Loquacious am I

I sent an email to my boss the other day, which I began by writing ‘Treat this as me thinking out loud’… I was contemplating why I felt it so necessary to write out my thoughts and email them to someone who is so very very busy – I know she wants my input and ideas, and is always happy to discuss new things/old things, but why did I need to send those ideas that way?

I’ve decided that it is a symptom of my personal thinking processes, as is my well-deserved reputation for being rather talkative. I tend to collect lots of information and ideas on a topic and float them around in my head, and then work out my understanding and analysis and new ideas by putting it all into words. The words aren’t there in fully formed sentences in my head – the act of fitting the right words to the shapes of my thoughts helps me to define my conclusions to myself.

This can be somewhat unfortunate for the poor soul enduring yet another ear-bashing as I work out how best to deal with student X or to fix problem Y.

Do you know what is odd about this habit of mine? I can’t use a diary as my sounding board. I need the feeling of speaking to another person – I need that bounce-back of someone else’s rephrasing or reply.

This learning style may be helpful in being a reflective teacher who thinks about their own practice, but what about in the classroom? Now I have to think about how to prevent my personal preference for oodles of verbiage from interfering with my student’s boyish preference for direct and specific instruction that gets to the point and gives them a clear goal with no distracting tangential asides.

The long haul begins….

Actual reading of books

For my holiday reading I brought home The Book Thief by Markus Zusak, and Shadow of the Wind by Carlos Ruiz Zafón. Although I haven’t touched the second, this week I have been reading The Book Thief, and really enjoying it. Tyring to explain it to my curious son, I said that this book is set in Nazi Germany, is narrated by Death, and is about a fairly ordinary little girl who is fostered out to a poor family and who steals books from time to time, and that despite all these points, it is not depressing.

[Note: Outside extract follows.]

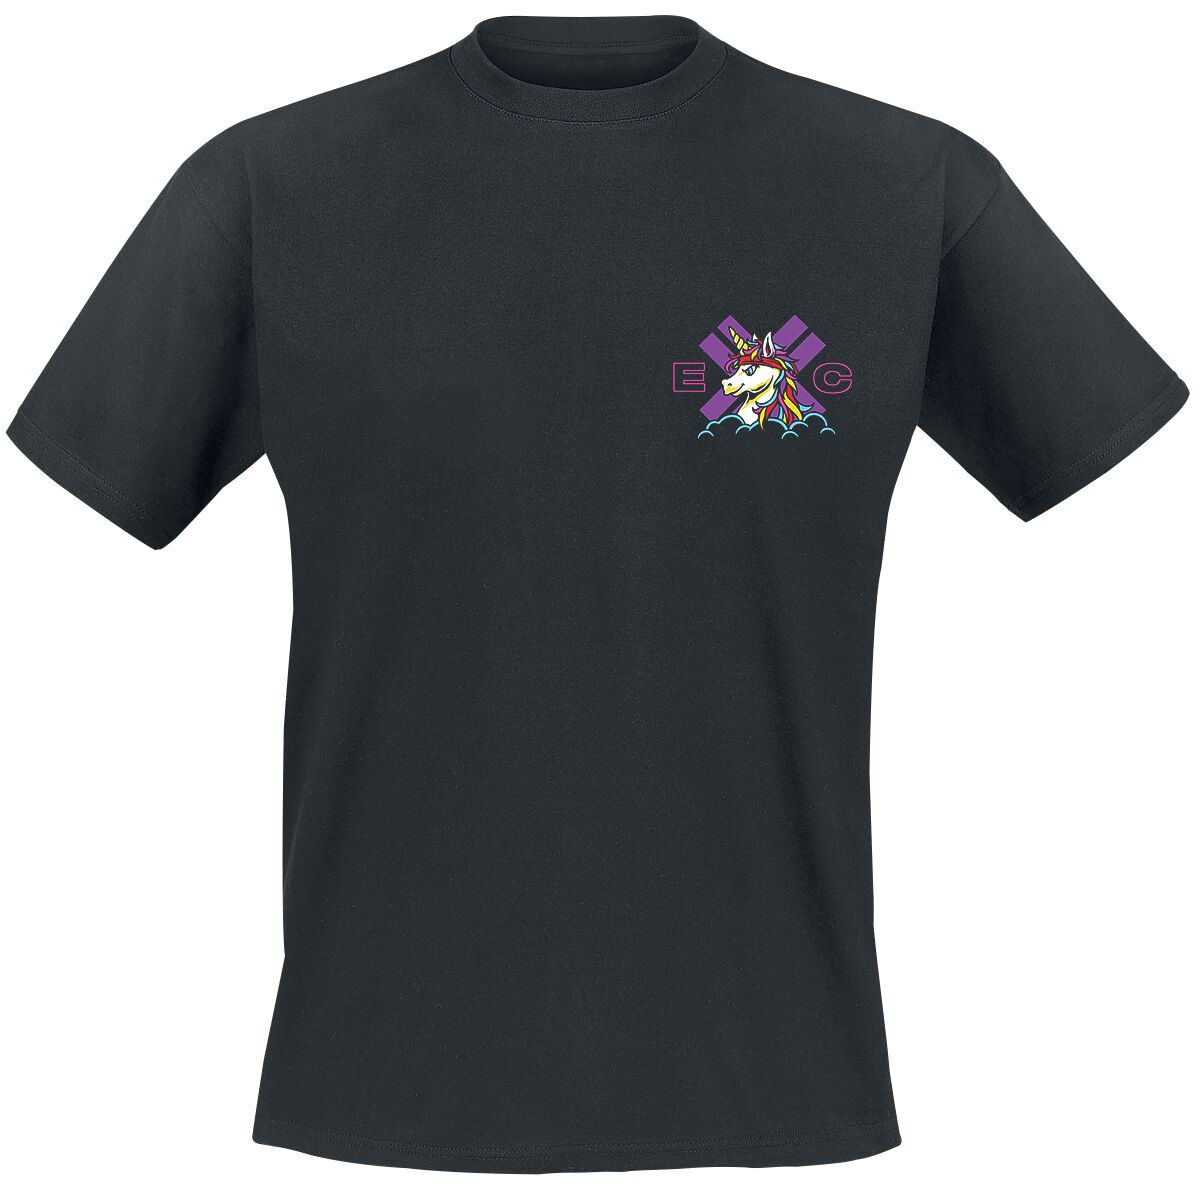 electric callboy t-shirt - spaceman unicorn - s bis 3xl - fÃ¼r mÃ¤nner - grÃ¶ÃŸe xxl - - lizenziertes merchandise! schwarz uomo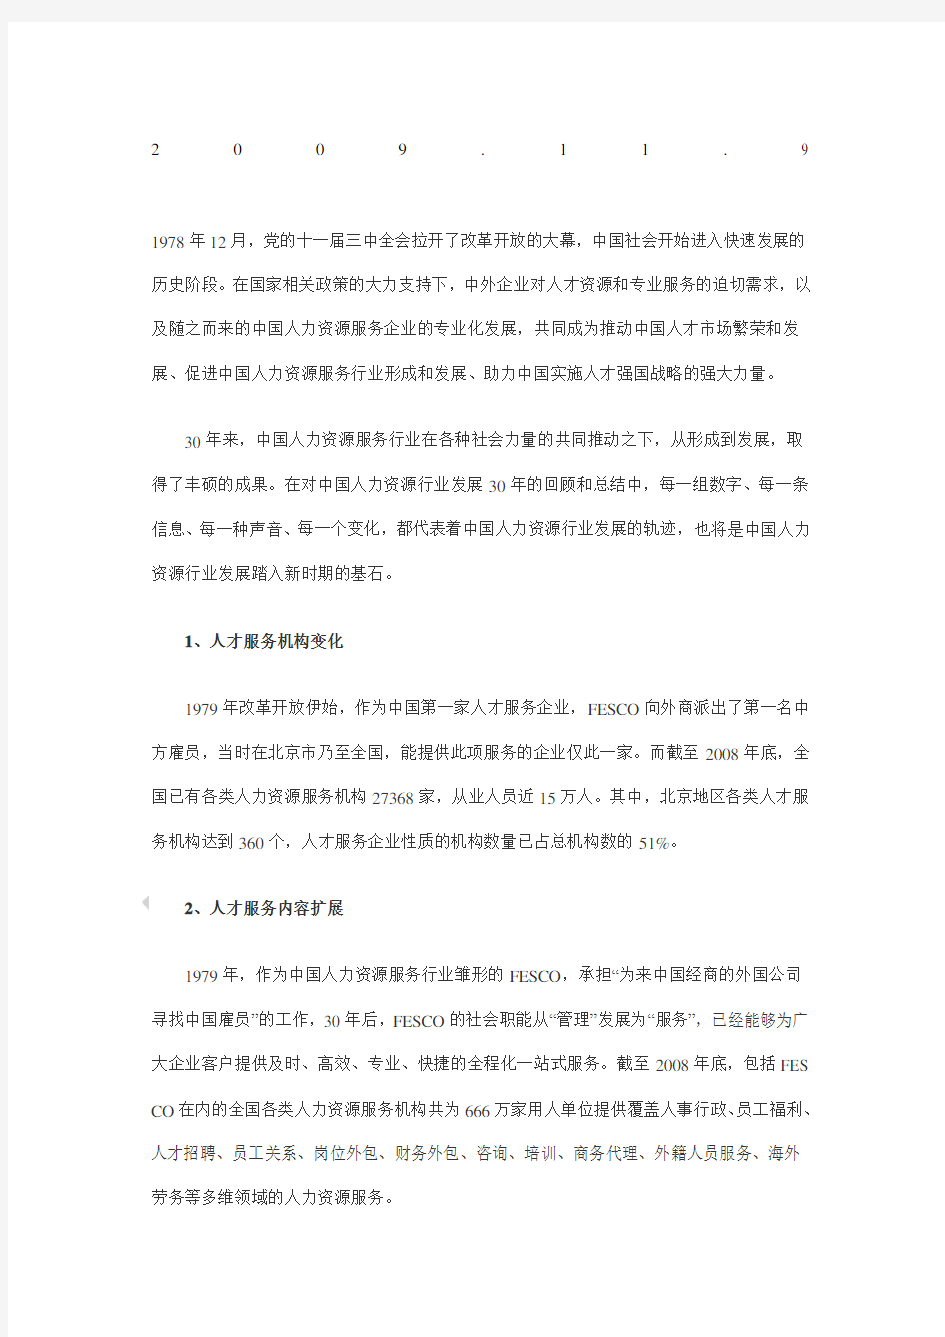 中国人力资源服务行业 发展报告

Reading this book has reminded me of how satisfying it is to be absorbed by a tale, to live inside the words. So much of my reading now is snatches of info on computer screens, or flicking through the newspaper, or a chapter of a novel at (the children’s) bedtime. This reminds me that there was an article I read last year about how the internet is changing our reading habits. When I googled it (as you do) I discovered a Wikipeida article that turned out to be even more interesting than my recollection of the original article. Apparently the article sparked a furious debate across the blogosphere and intellectual fora, wherein journalists, writers, critics, educators and neuroscientists posited theories and some evidence (mostly anecdotal, due to the newness of the alleged phenomenon) on whether or not spending more time online in a hypertextual reading environment rewires our reading circuits so that sitting down to concentrate on a single piece of prose becomes harder and harder to do. I’m not quite ready to put forth my own opinion yet; I think that perhaps we haven’t quite identified all of the factors, because changes in the way that we timetable our lives, for instance, have an impact on how much uninterrupted time we have to devote to sustained reading, which is a social and cultural influence rather than exclusively technological.

hmm. I’ll have to think about this one. Once I’ve read my emails.